PRESENT: Hassell, C.J., Lacy, Keenan, Koontz, Kinser and Lemons,
JJ., and Stephenson, S.J.
DAVID ALAN STEVENS
OPINION BY
v. Record No. 051890 SENIOR JUSTICE ROSCOE B. STEPHENSON, JR.
September 15, 2006
COMMONWEALTH OF VIRGINIA
FROM THE COURT OF APPEALS OF VIRGINIA
I
Upon a jury verdict in the Circuit Court of Loudoun County,
David Alan Stevens was convicted of aggravated involuntary
manslaughter, in violation of Code § 18.2-36.1. Stevens was
sentenced to 15 years in prison, and his conviction was affirmed
by a panel of the Court of Appeals. Stevens v. Commonwealth, 44
Va.App. 122, 603 S.E.2d 642 (2004). Thereafter, the Court of
Appeals, sitting en banc, also affirmed the conviction. Stevens
v. Commonwealth, 46 Va.App. 234, 616 S.E.2d 754 (2005). We
awarded Stevens this appeal.
II
Stevens contends that the trial court committed reversible
error in allowing into evidence the results of a blood alcohol
content test performed on a blood sample taken from him in
violation of his Fourth, Fifth, and Fourteenth Amendment rights.
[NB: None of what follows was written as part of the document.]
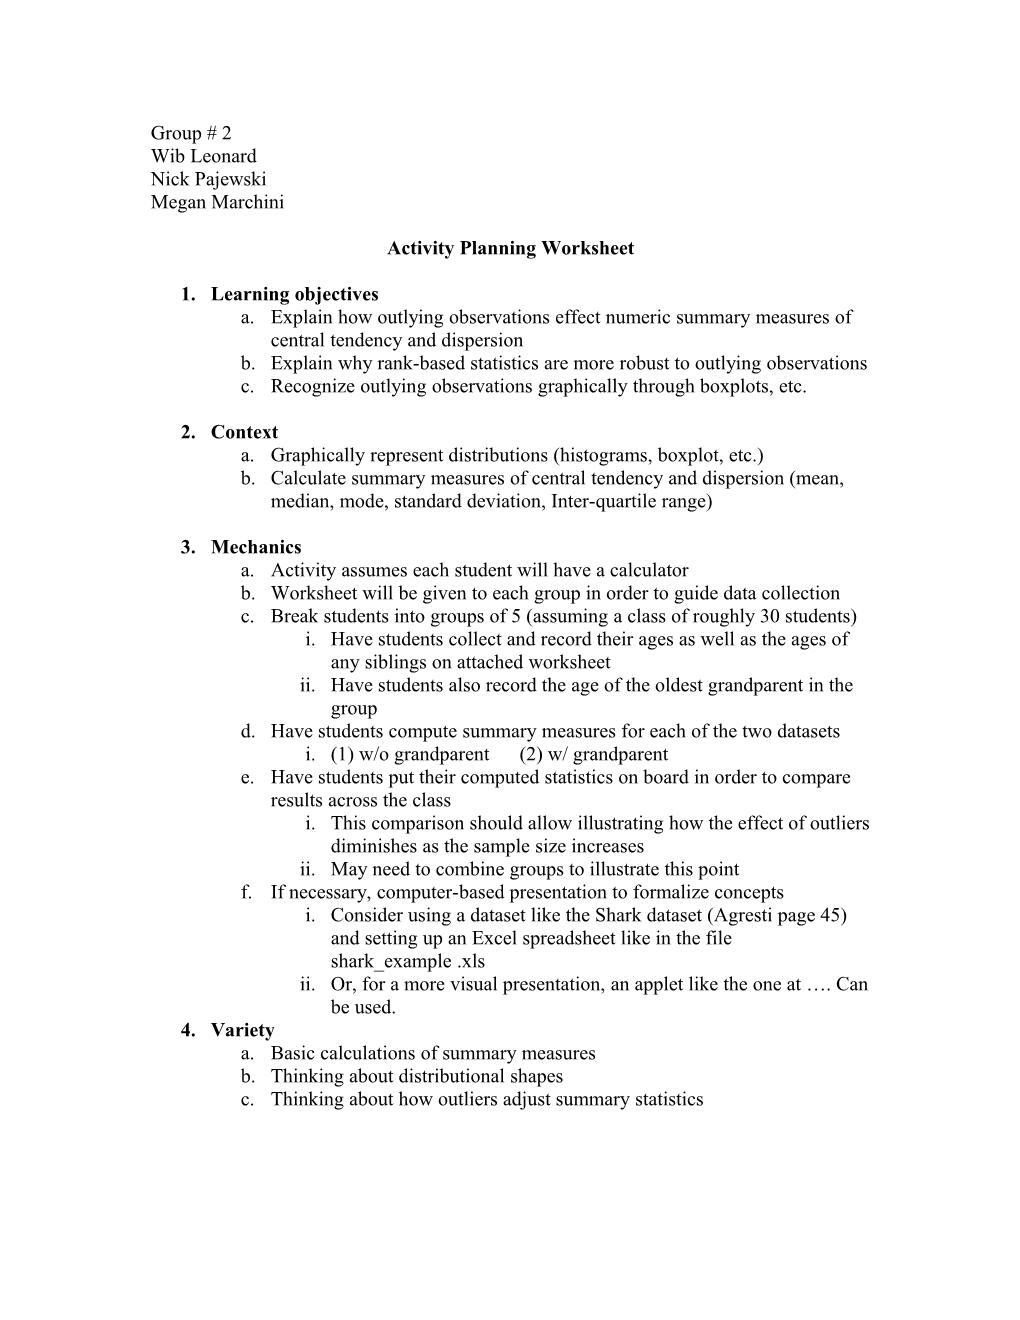 Activity Planning Worksheet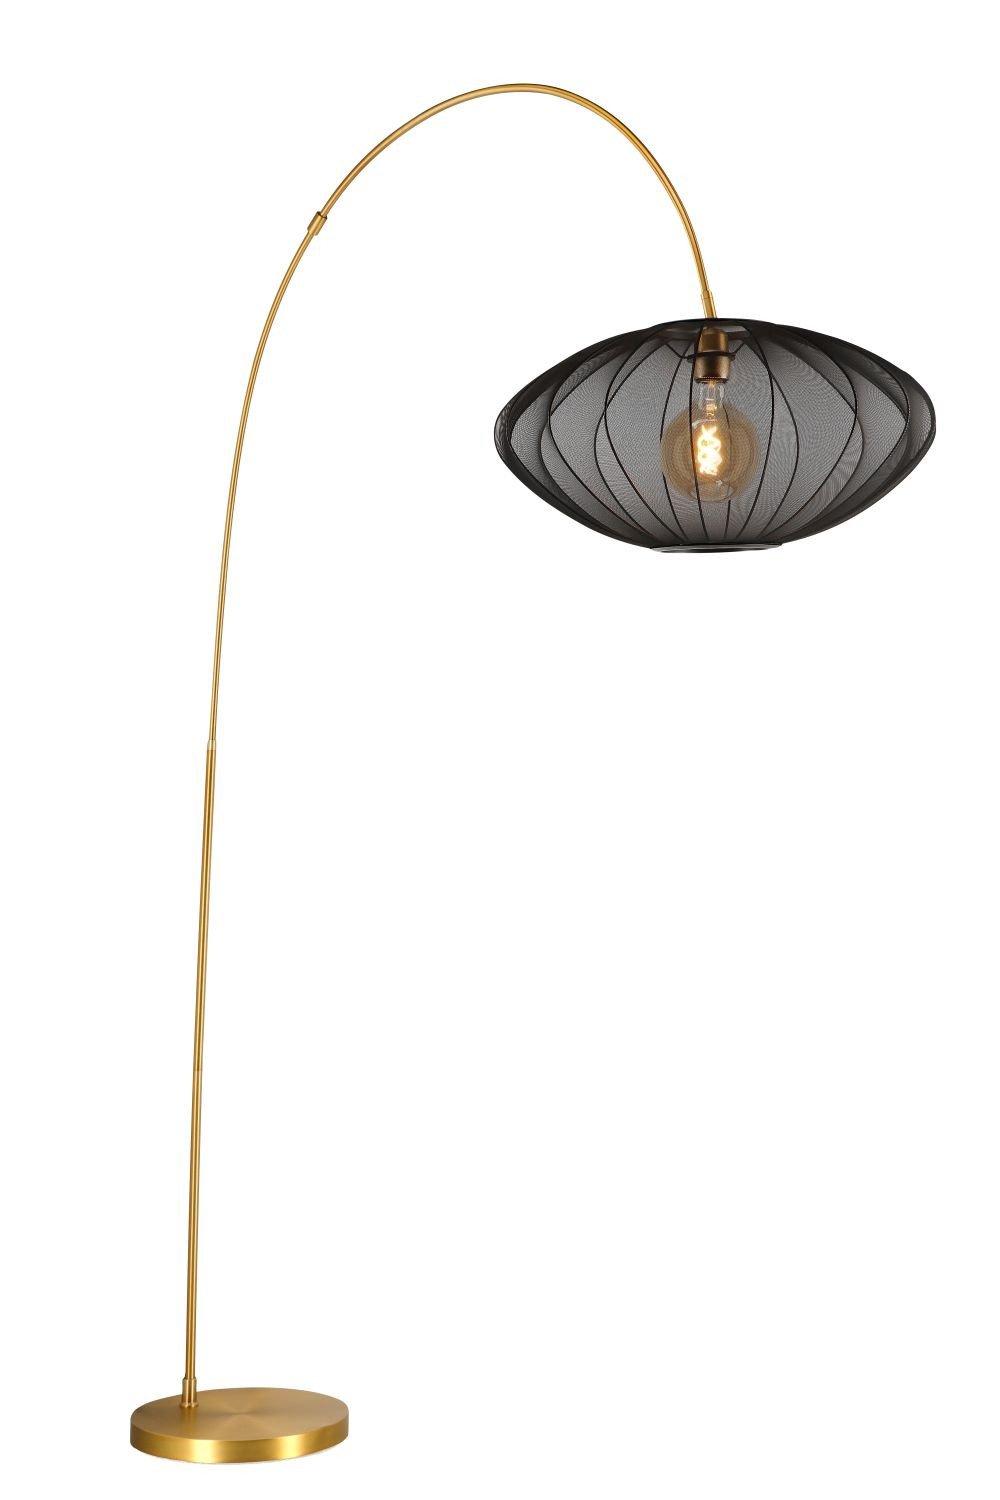 Lucide CORINA Arc Floor Lamp E27 Oval Shape Modern Free Standing Indoor Lighting

Stevens also contends that the trial court erred in denying his
motion to dismiss the charge of aggravated involuntary
manslaughter because he had not been provided the opportunity
for an independent testing of the blood taken from him pursuant
to the implied consent law, Code § 18.2-268.2. Finally, Stevens
claims that the evidence is insufficient, as a matter of law, to
support his conviction.
III
On appeal, we must view the evidence and all reasonable
inferences fairly deducible therefrom in the light most
favorable to the Commonwealth, the prevailing party at trial.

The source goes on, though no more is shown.